------ THE DATA
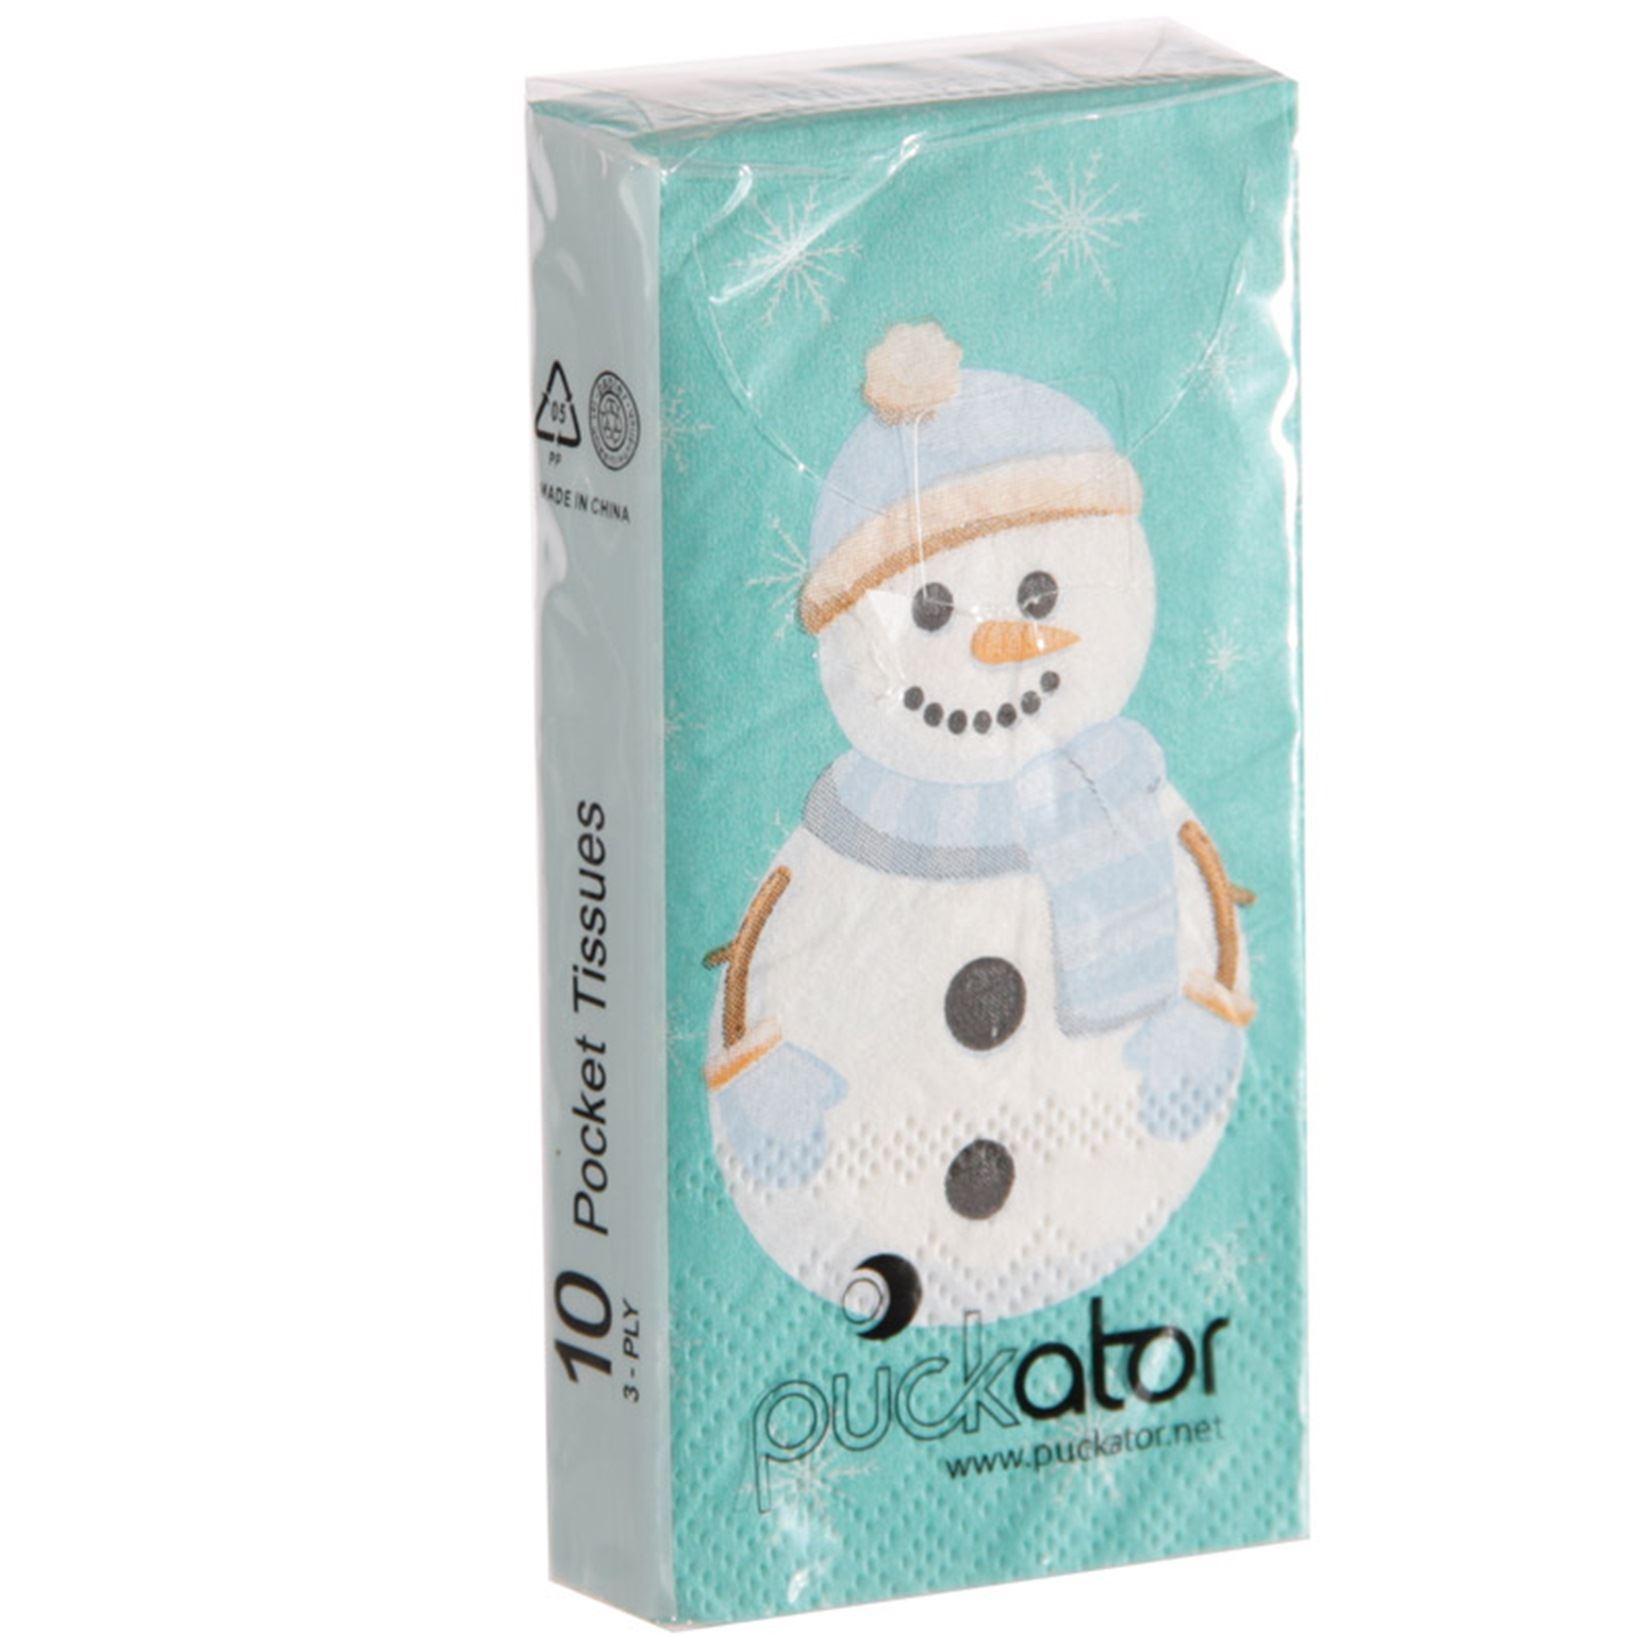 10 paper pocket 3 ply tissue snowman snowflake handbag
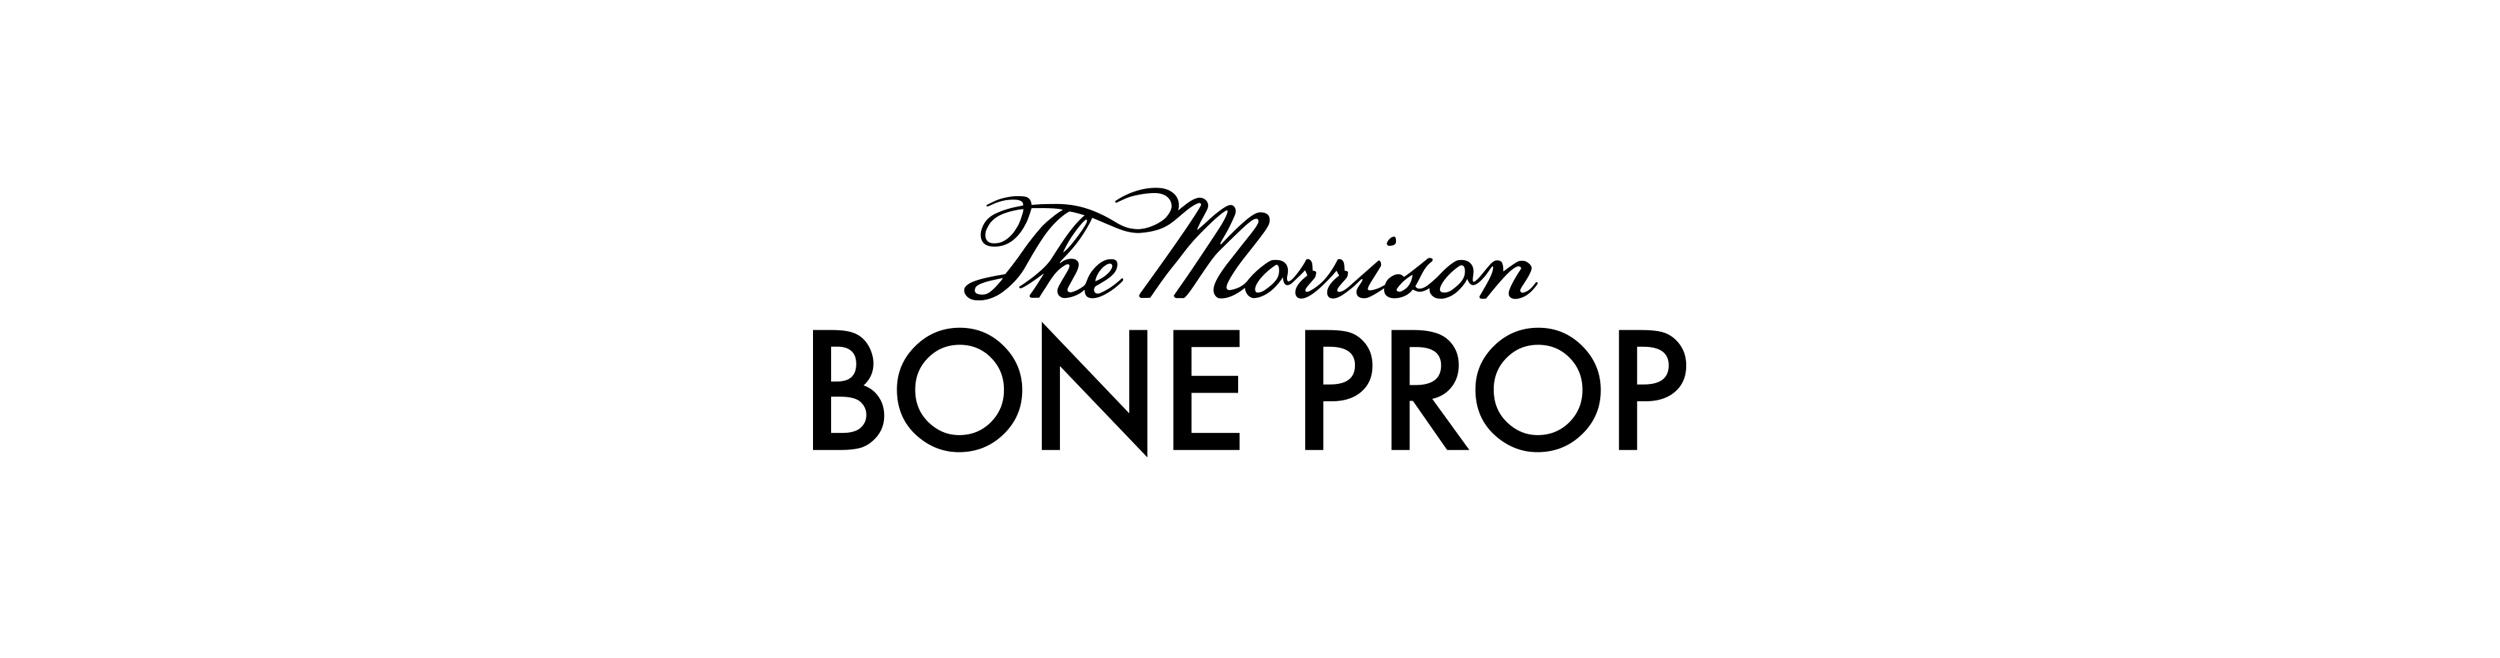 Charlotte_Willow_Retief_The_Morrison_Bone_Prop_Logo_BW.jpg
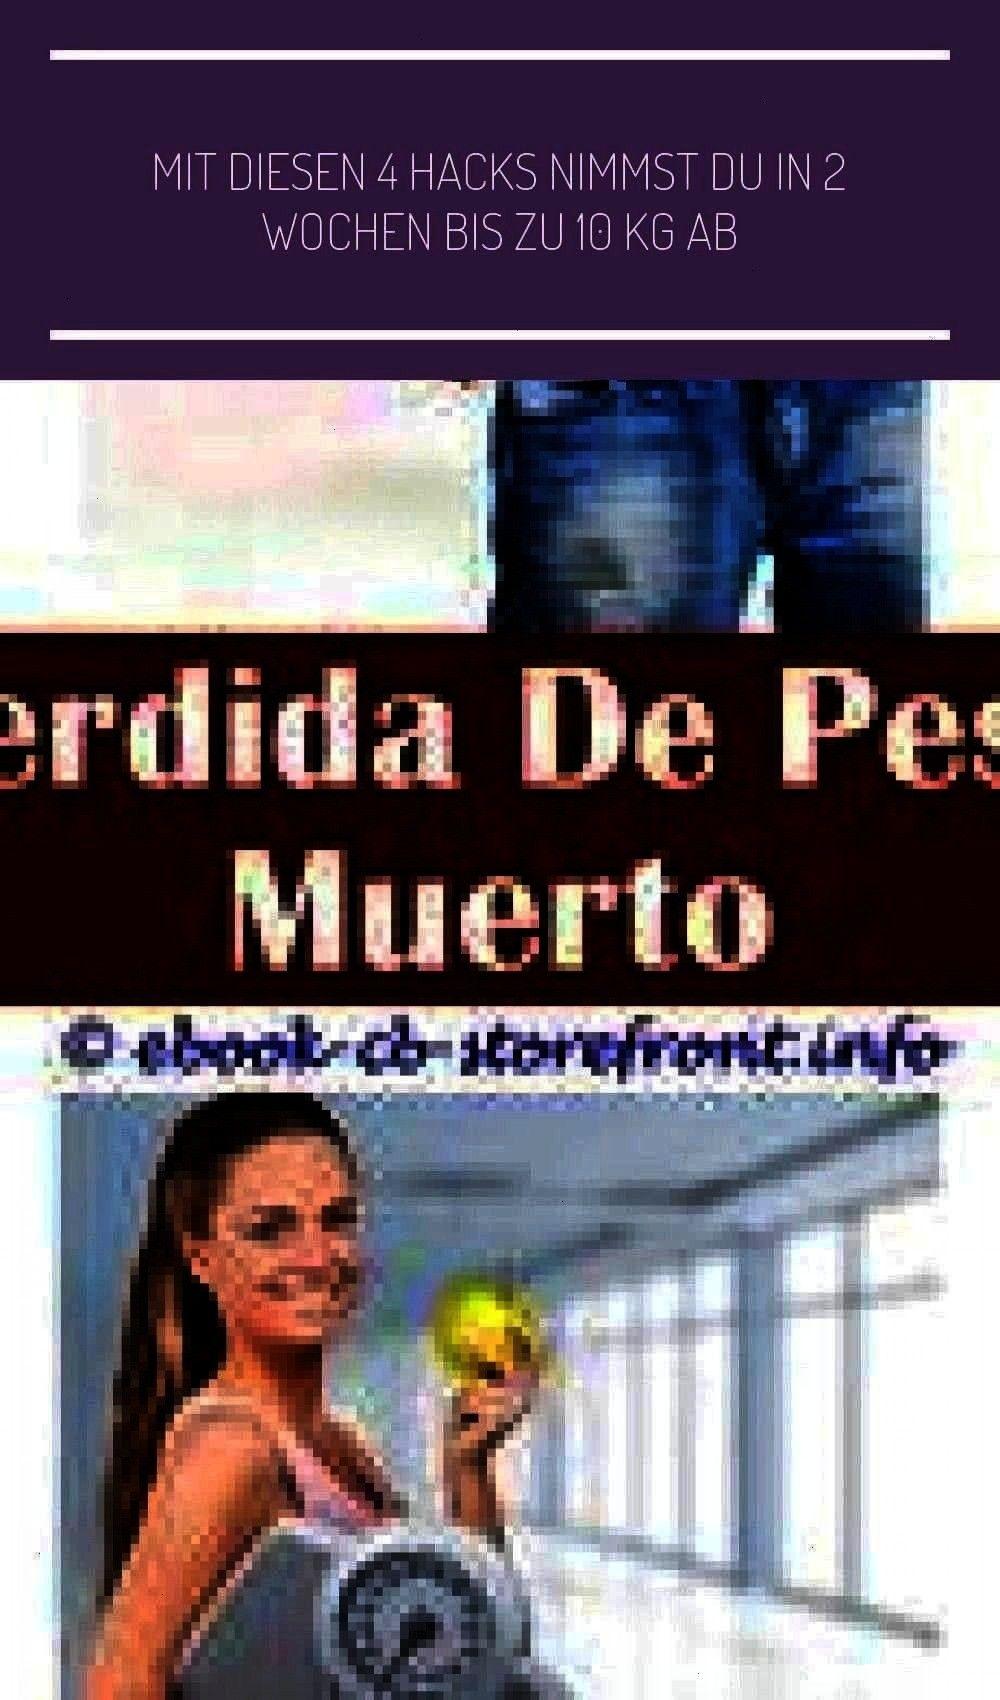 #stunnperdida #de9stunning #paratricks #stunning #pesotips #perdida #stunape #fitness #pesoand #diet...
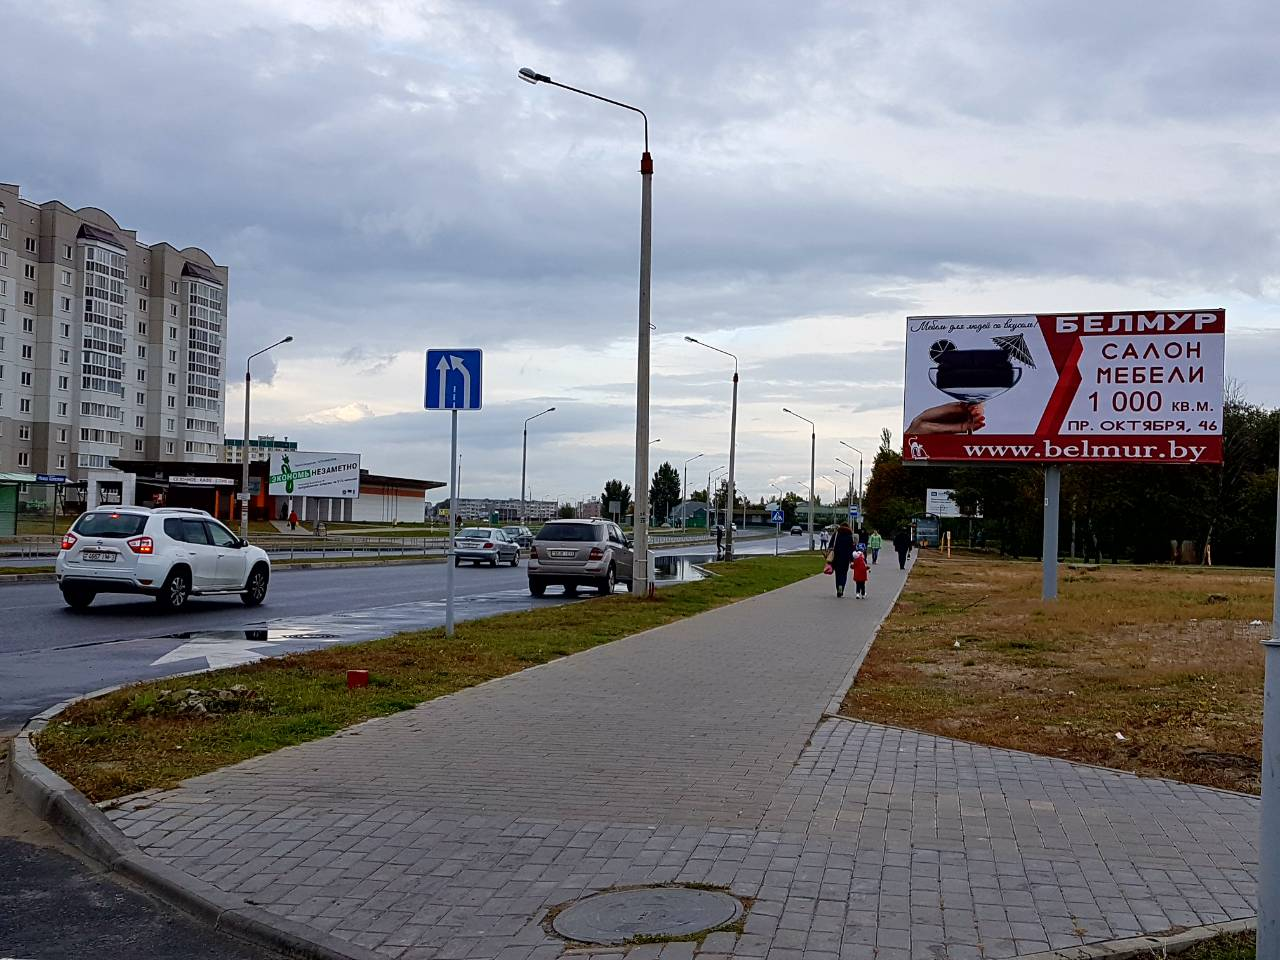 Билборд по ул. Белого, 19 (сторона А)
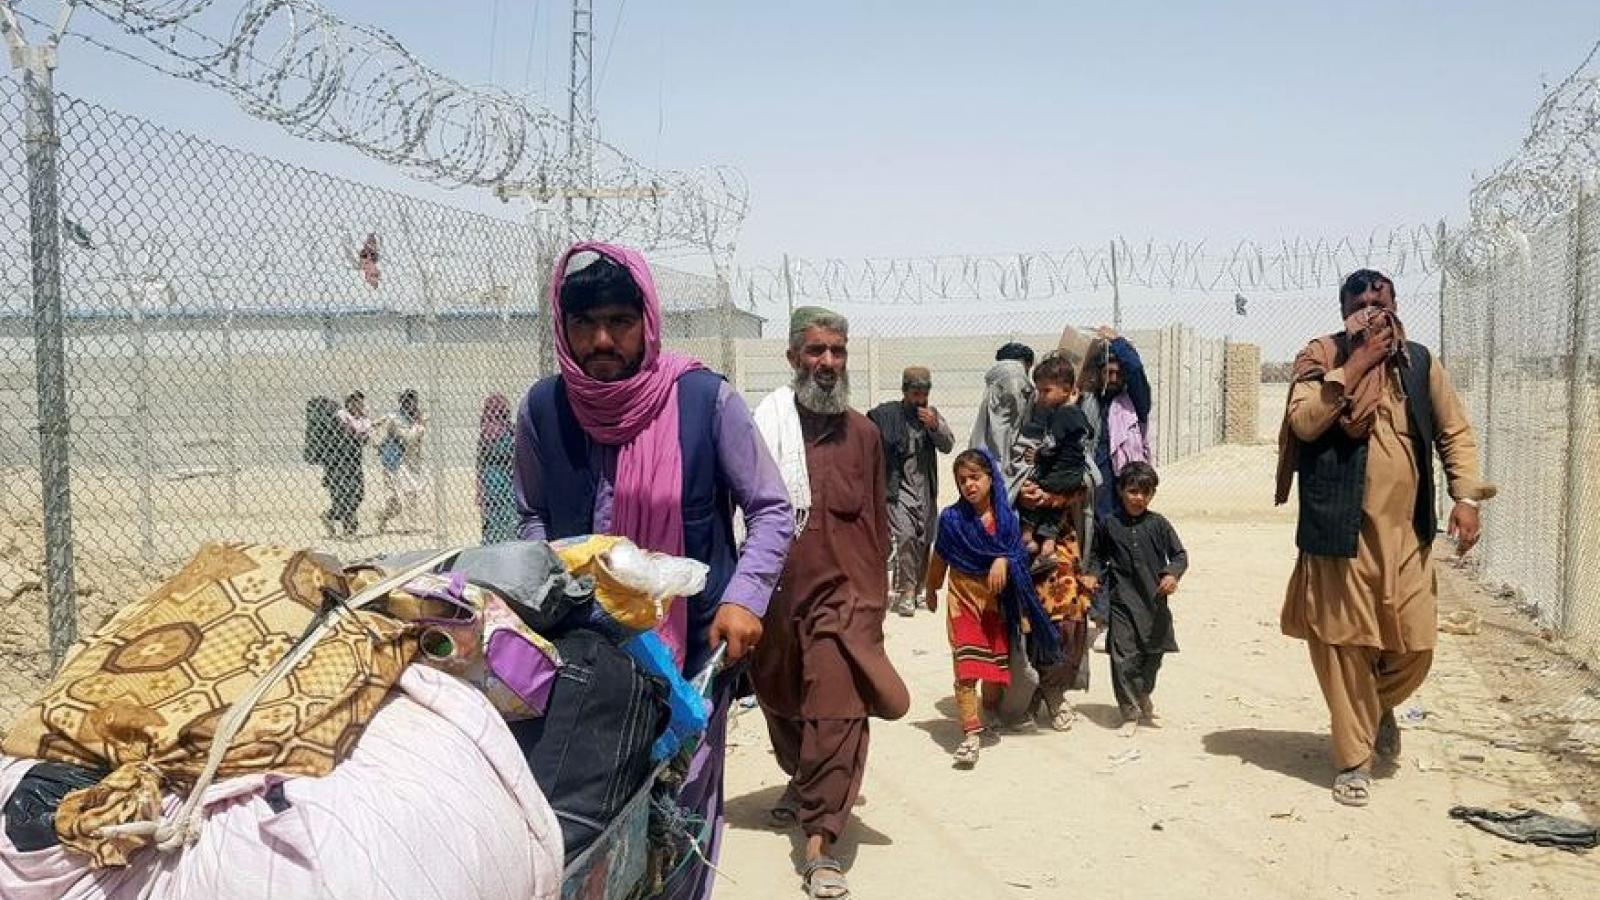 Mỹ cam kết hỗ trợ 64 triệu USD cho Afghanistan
------------
> [WHAT IS NEEDED]: Restate each entry word for word. Omit every picture.

> [TASK OUTPUT]:
 10 paper pocket 3 ply tissue snowman snowflake handbag
 Charlotte_Willow_Retief_The_Morrison_Bone_Prop_Logo_BW.jpg
 #stunnperdida #de9stunning #paratricks #stunning #pesotips #perdida #stunape #fitness #pesoand #diet...
 Билборд по ул. Белого, 19 (сторона А)
 Mỹ cam kết hỗ trợ 64 triệu USD cho Afghanistan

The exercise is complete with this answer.